By Travis Gillmore
Estimates released by the California Department of Transportation show the exodus out of the state continuing, with the population expected to decline from about 39 million today to approximately 35.7 million by 2050.
The transportation department began analyzing populations to guide road and highway planning and development in 2000.
Orange County’s population is expected to slide from more than 3.1 million in 2023 to less than 2.8 million by 2050, and planning for Los Angeles County includes an anticipated drop of 1.2 million residents over the same time, the largest loss by county.
Projections for San Francisco are unique in that Caltrans forecasted the population to decline to 836,000 residents by 2050, but due to significant outflows since the pandemic, the city’s population is already far below—at 807,000—this year.
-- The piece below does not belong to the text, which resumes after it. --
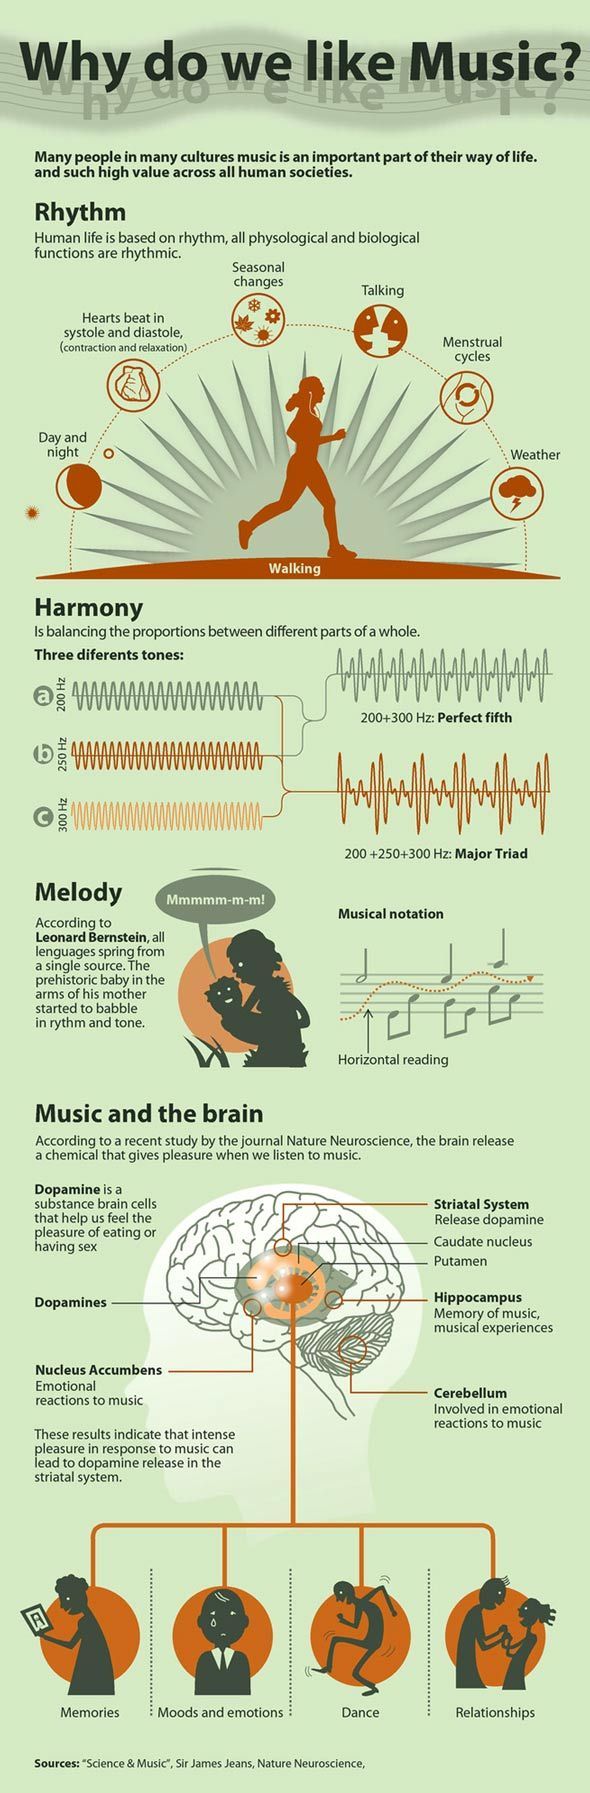 Why Do We Like Music? Because music

If the Caltrans numbers prove accurate, Texas could surpass California as the nation’s most populous state in 2042, when the Lone Star State anticipates approximately 37.6 million residents compared to a projected 37.1 million Californians.
‘California Can’t Be Fixed’: Former State Senator
Hidden taxes inflating energy prices and restrictive regulations impeding business activities, combined with the nation’s highest state income tax, are motivating factors driving people to leave, according to Nevada state Sen. Jeff Stone (R-Henderson).
“It’s all the collective insults that have caused people like me to say California can’t be fixed,” Stone told The Epoch Times. “Until it crashes and burns, California is going to be an embarrassment to this country.”
Stone is a former California state senator who moved his real estate business to Nevada five years ago.
“It was the best decision I’ve ever made,” he said.
Thousands of others have made similar moves over the last three years, with the state losing more than 800,000 people since the pandemic, according to state finance department data.
The Caltrans estimates are notably lower than others provided by state agencies, including the California Department of Finance, but the latter’s latest projections released in 2021 were based on data before the exodus became statistically evident. A new report from both agencies will be released in the coming months, according to officials.
Caltrans Projections ‘Too Pessimistic’ but a ‘Wake-Up Call’: Policy Analyst
But some say the outlook for the state is not so dire.
“Over the longer term, I think the Caltrans projections may be too pessimistic,” Marc Joffe—public policy analyst at the Cato Institute—told The Epoch Times. “Even with high cost of living and urban quality of life issues, California remains an attractive destination for many both abroad and domestically.”
The transportation department’s forecasts show anticipated significant declines for major metropolitan areas in California, but Sacramento County was a notable exception with an anticipated steady climb in population topping out at more than 1.9 million in 2050.
Additionally, the report indicated some rural regions are also expected to grow.
Riverside County is another area Caltrans analysts see drawing new residents, predicting numbers to climb from 2.5 million people in 2023 to approximately 2.7 million in 2050.
According to Joffe, the future of California is likely to include increased immigration and a slowing of outward migration, leading to stagnant population growth. But he and other analysts suggest the agency’s projections are reason to reassess projects that rely on population growth.
“Even though I am more optimistic than Caltrans, I think their projections are an important wake-up call,” Joffe said. “Bullish population projections from earlier this century have been used to justify costly projects like High-Speed Rail and [the Bay Area’s proposed multi-billion dollar passenger rail network]. The lack of population growth recently and in the future seriously undermines the case for these projects.”
Differences in approaches to spending, governance, and oversight are leading some to look for other options around the country, according to Stone, the former California state Senator.
“You would think the leaders of California would get the message,” he told The Epoch Times. “They just don’t have the right priorities, and people are getting sick of it that have any common sense, and they’re leaving the state.”
For years, California was a magnet for families looking to improve their quality of life—known for mild weather, diverse geography, picturesque landscapes, and a uniquely talented and diverse population—but things have changed, as reported in Epoch TV’s “Leaving California” documentary.
Recent declines are unprecedented in the state’s history, with data showing growth every year from 1900 until 2020—when nearly 1 percent of residents chose to leave during the height of pandemic restrictions—and declines have persisted since.
The state’s population dipped 0.4 percent from January 2022 compared to the same time this year, falling below 39 million residents for the first time since 2015, according to the California Department of Finance’s recently released data.
Internal Revenue Servise (IRS) also recently reported that $29.1 billion evaporated from California’s personal income tax base in 2021, following a loss of $18 billion in 2020, after approximately 332,000 more taxpayers left the state than entered in the year following the onset of the COVID-19 pandemic.
According to IRS, more people left for Texas than any other state, with Arizona, Nevada, Washington State, and Florida the next most chosen destinations for ex-Californians.